(RECORDED DATA begins)

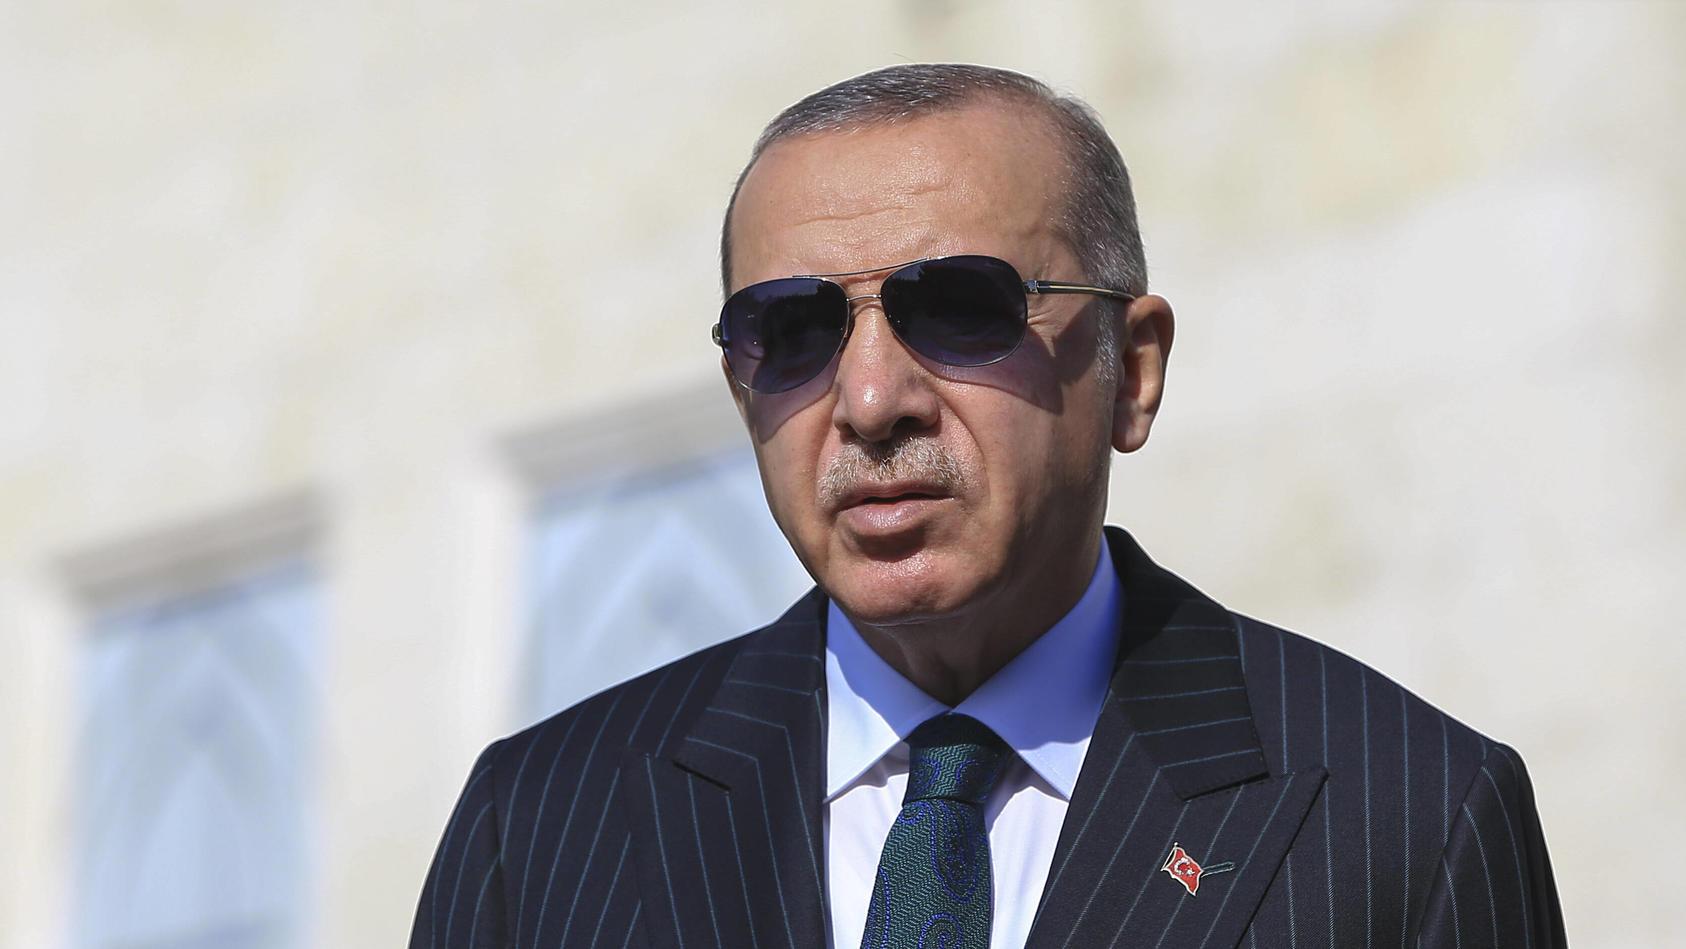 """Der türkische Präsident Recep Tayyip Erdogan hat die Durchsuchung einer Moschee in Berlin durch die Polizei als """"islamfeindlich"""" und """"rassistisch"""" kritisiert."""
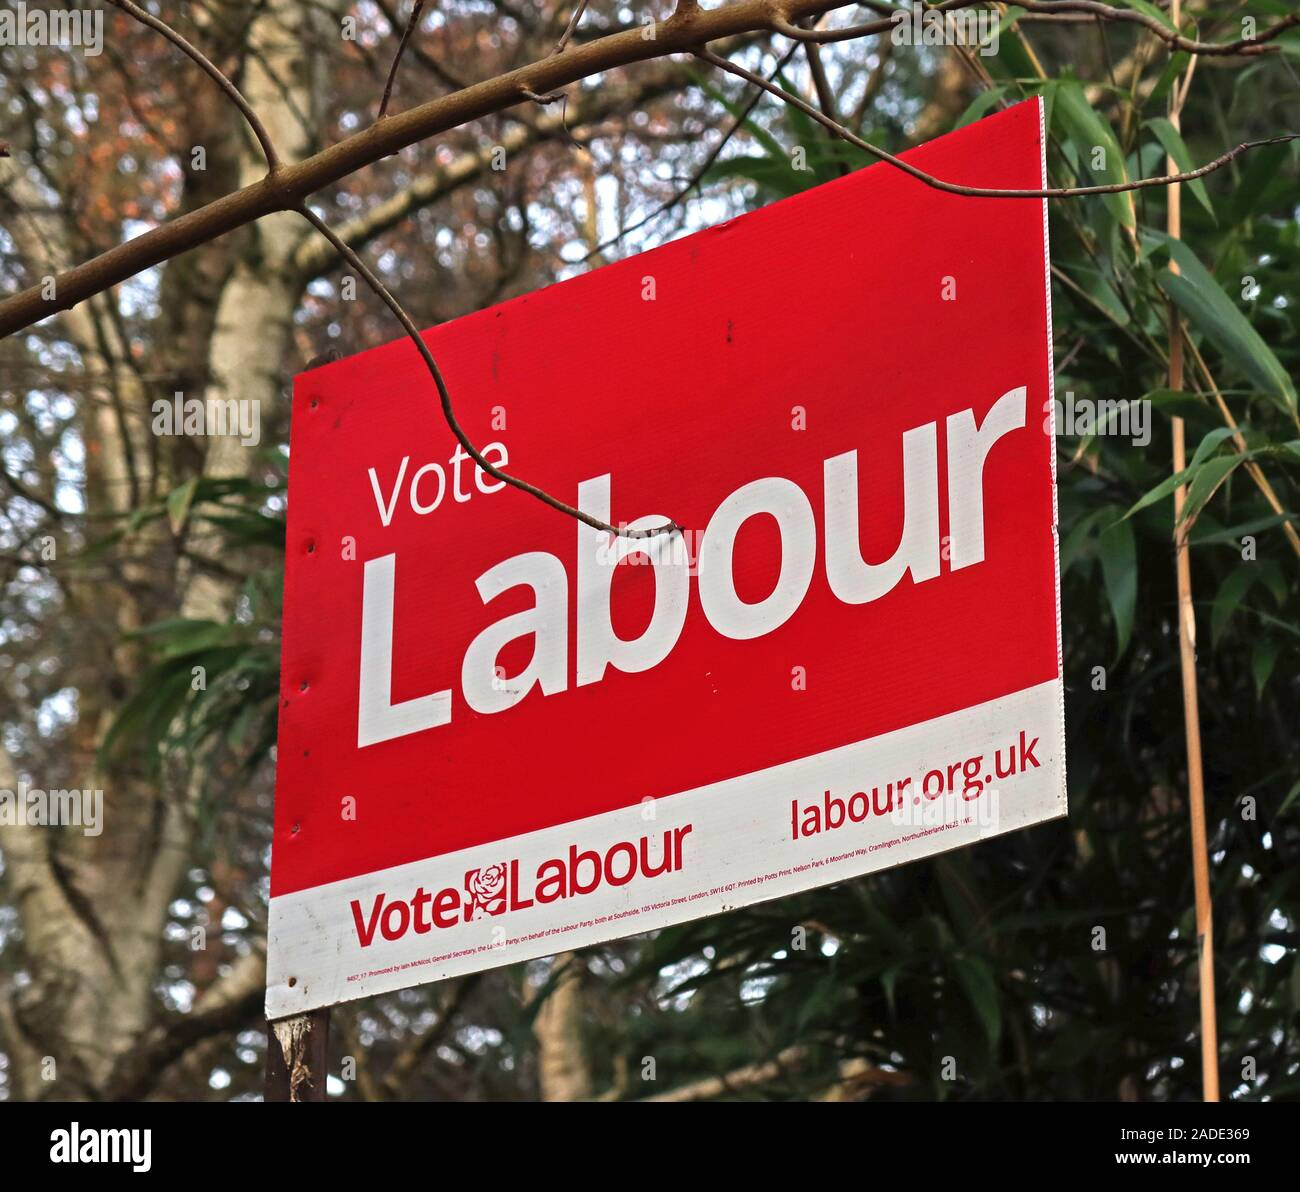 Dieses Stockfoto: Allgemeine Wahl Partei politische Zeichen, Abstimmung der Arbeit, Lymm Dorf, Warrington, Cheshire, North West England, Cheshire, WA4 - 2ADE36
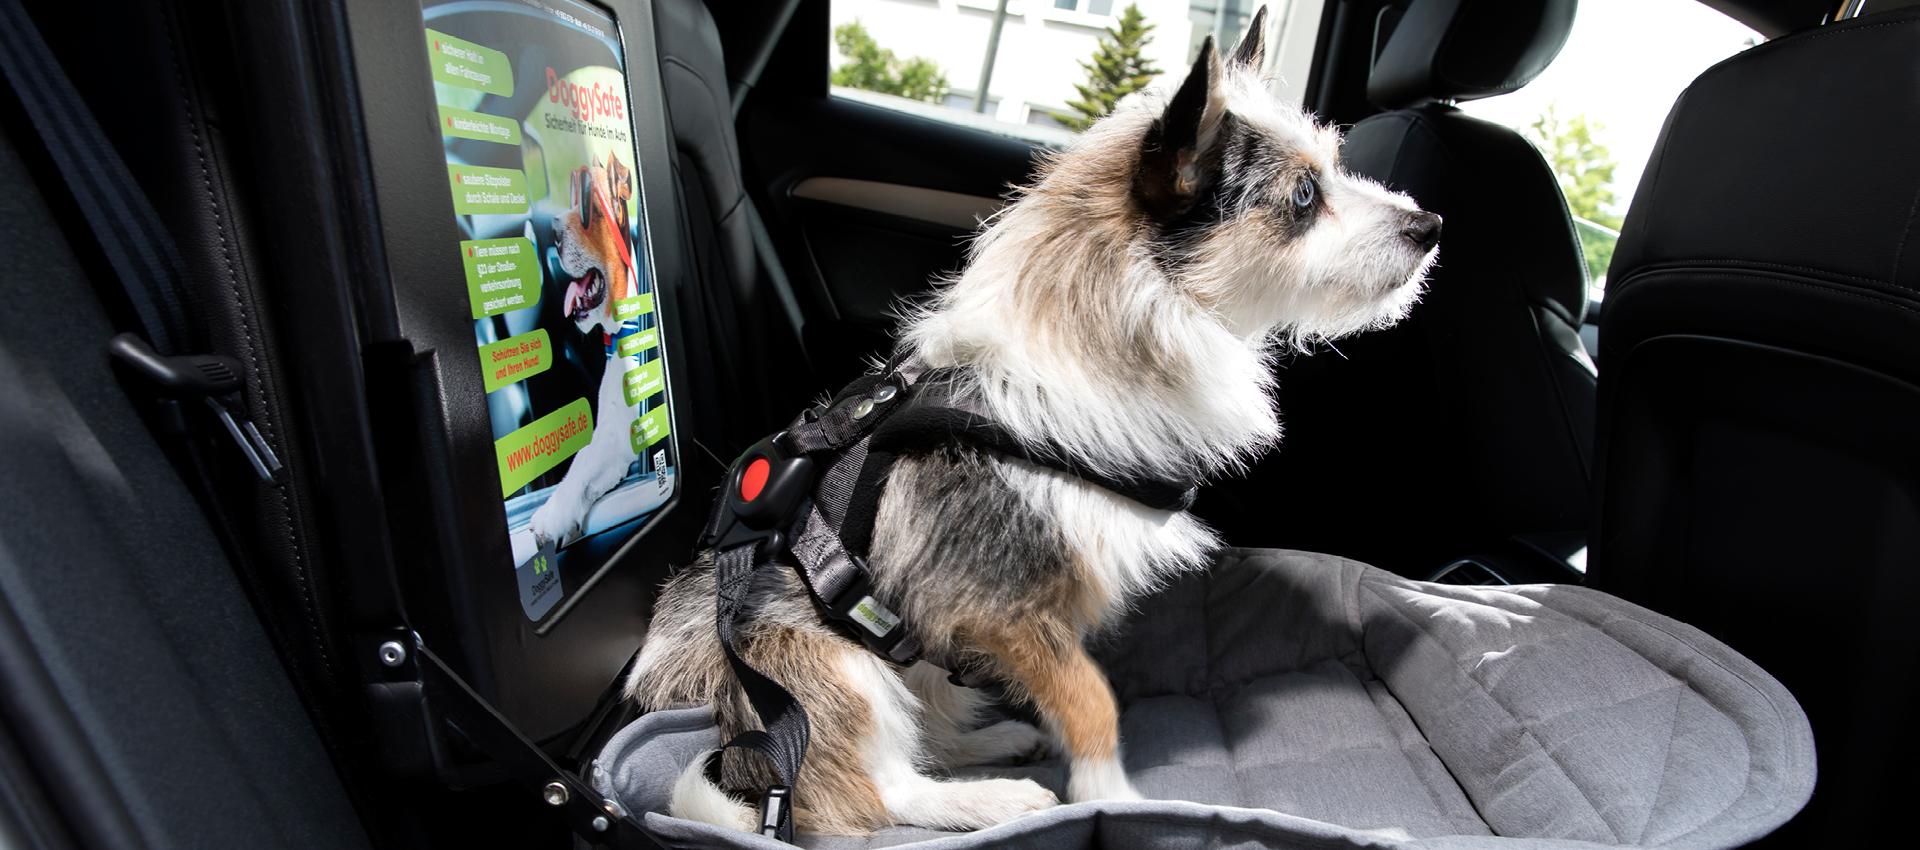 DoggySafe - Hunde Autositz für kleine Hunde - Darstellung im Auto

(RECORDED DATA ends)

WHAT YOU ARE ASKED TO DO: Restate all of the material word for word, leaving every picture out.

TASK SOLUTION:
 """Der türkische Präsident Recep Tayyip Erdogan hat die Durchsuchung einer Moschee in Berlin durch die Polizei als """"islamfeindlich"""" und """"rassistisch"""" kritisiert."""
 Dieses Stockfoto: Allgemeine Wahl Partei politische Zeichen, Abstimmung der Arbeit, Lymm Dorf, Warrington, Cheshire, North West England, Cheshire, WA4 - 2ADE36
 DoggySafe - Hunde Autositz für kleine Hunde - Darstellung im Auto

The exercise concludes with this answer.